- **Work required**: Would you repeat the listing exactly, without any of its images?

- **Provided data**:
----

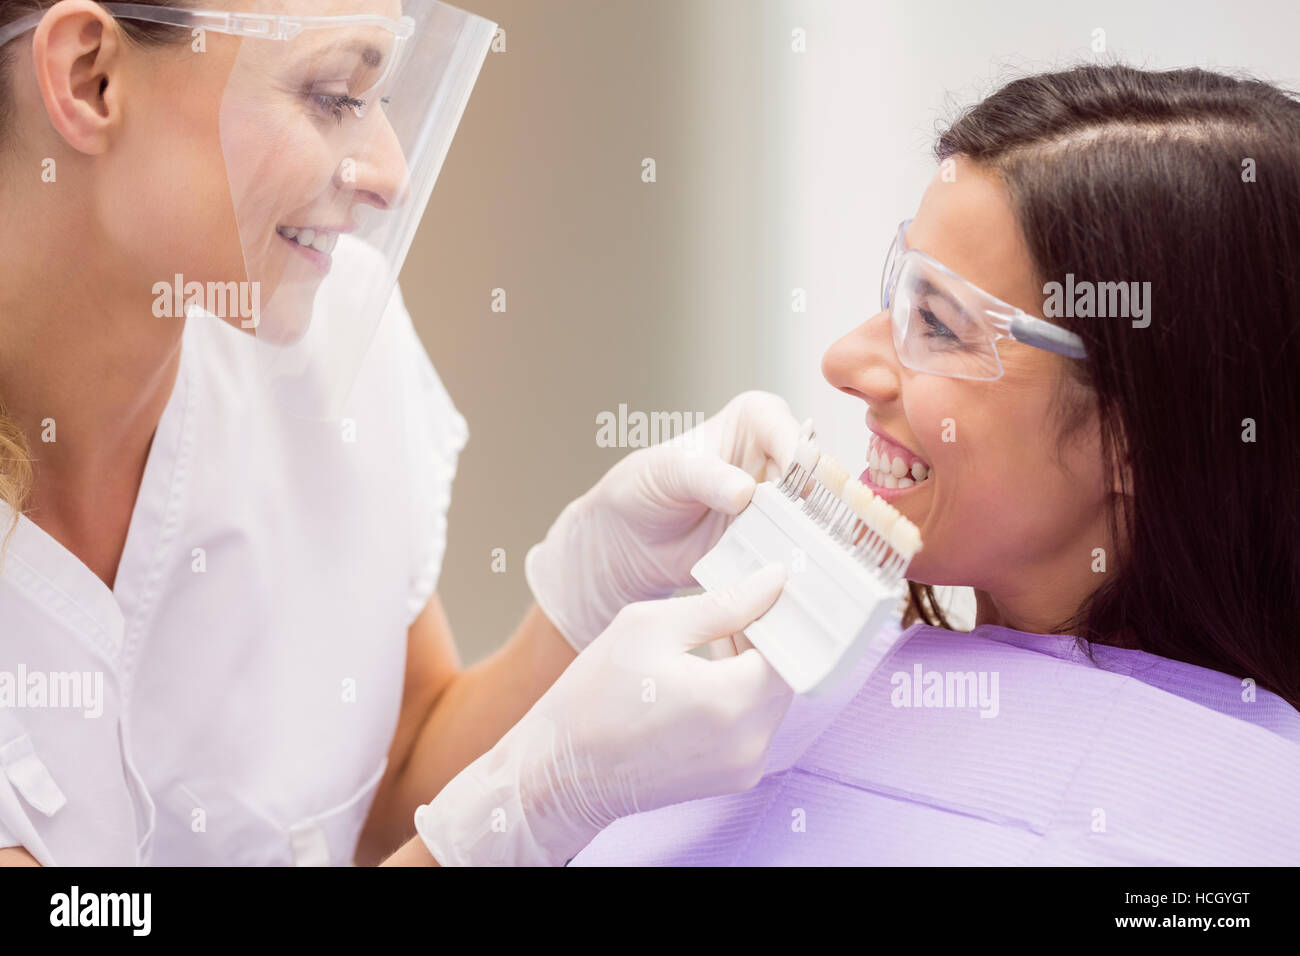 Dermatologist and female patient discussing on digital tablet Stock Photo
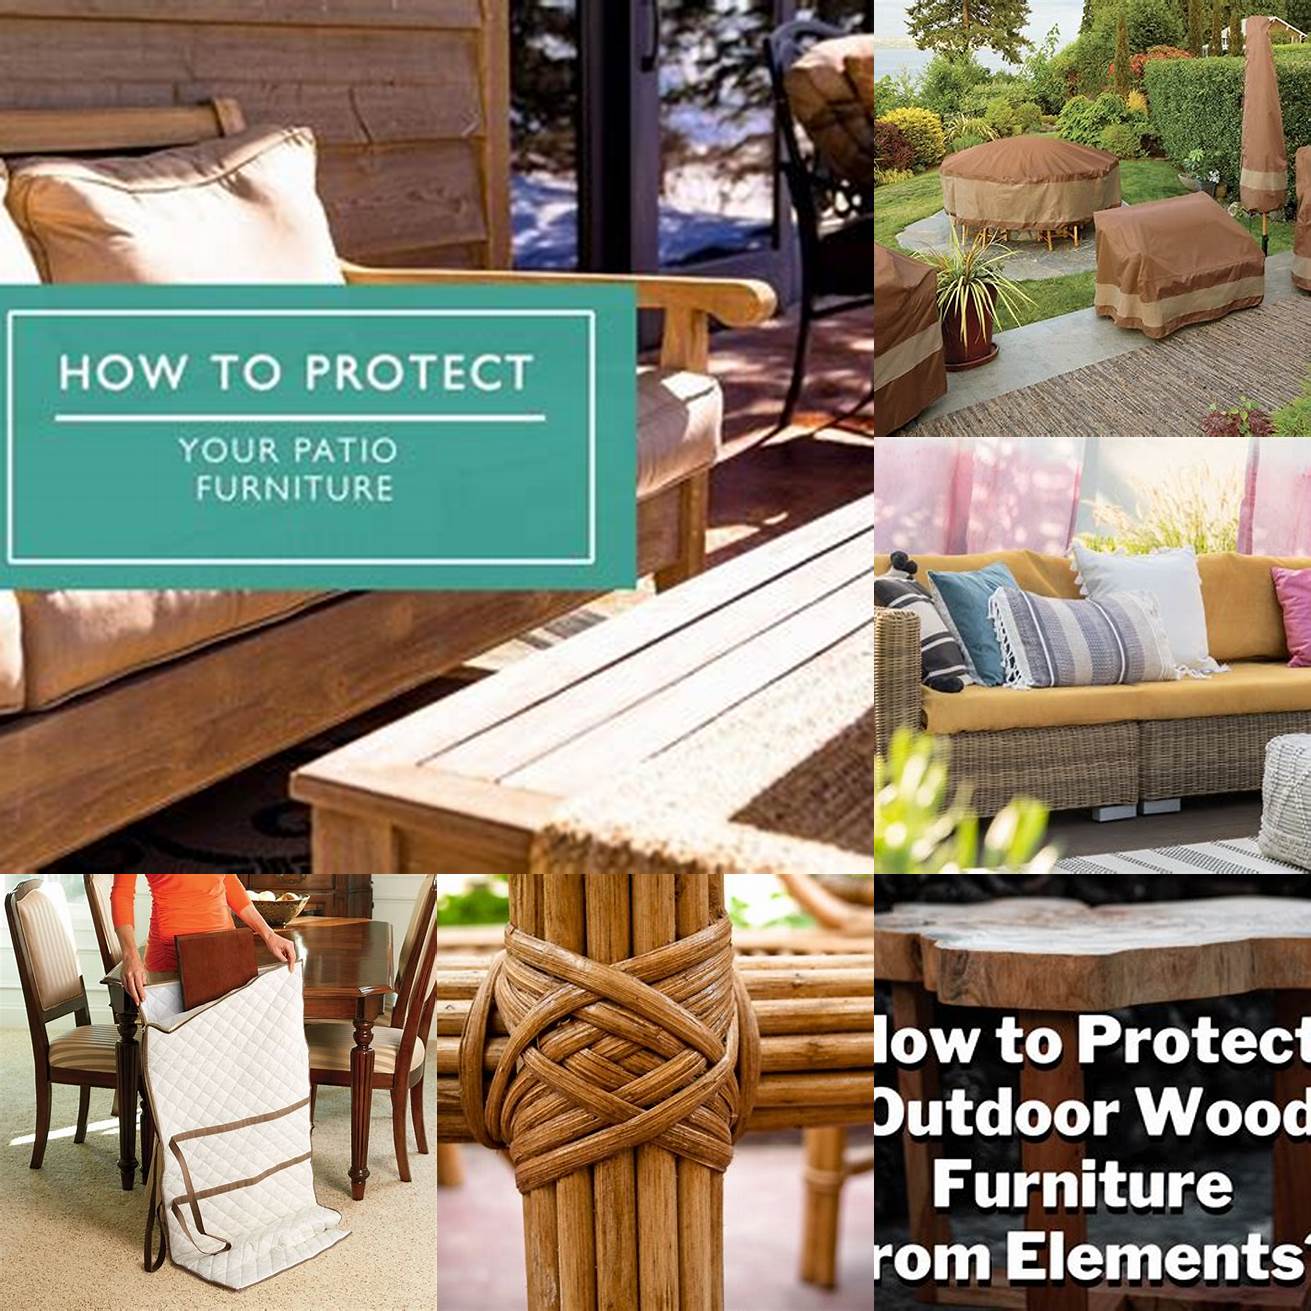 Protecting your furniture from the elements
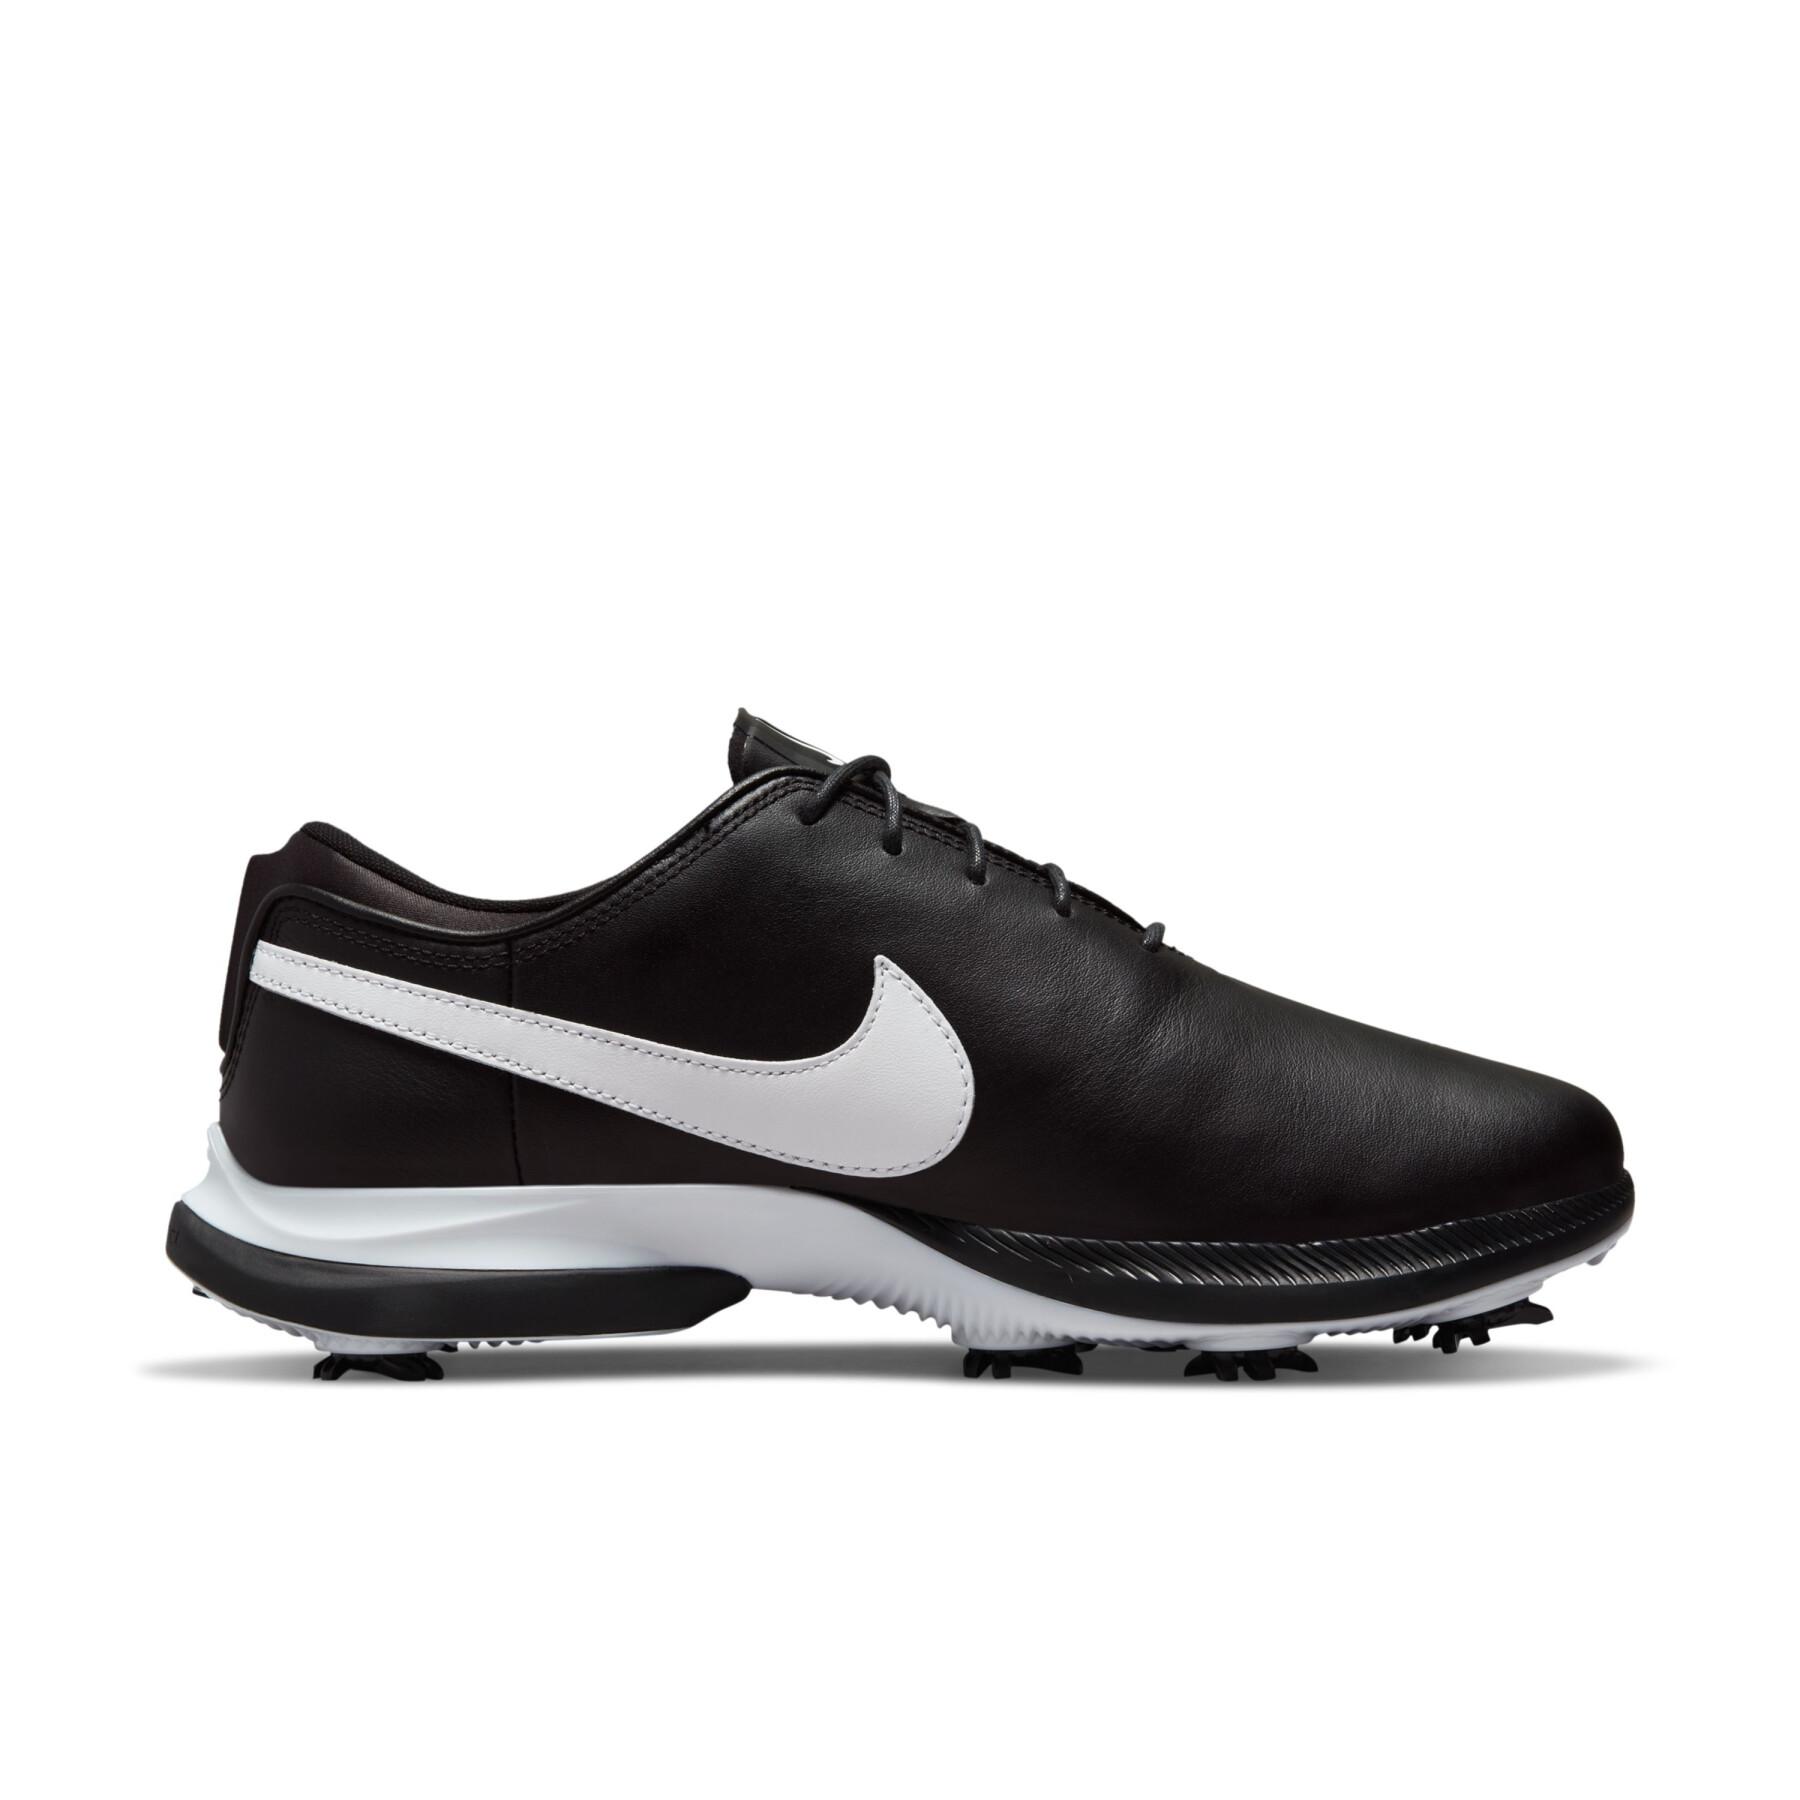 Chaussures de golf Nike Zoom Victory Tour 2

----

- **Answer below**:
 Dermatologist and female patient discussing on digital tablet Stock Photo
 Protecting your furniture from the elements
 Chaussures de golf Nike Zoom Victory Tour 2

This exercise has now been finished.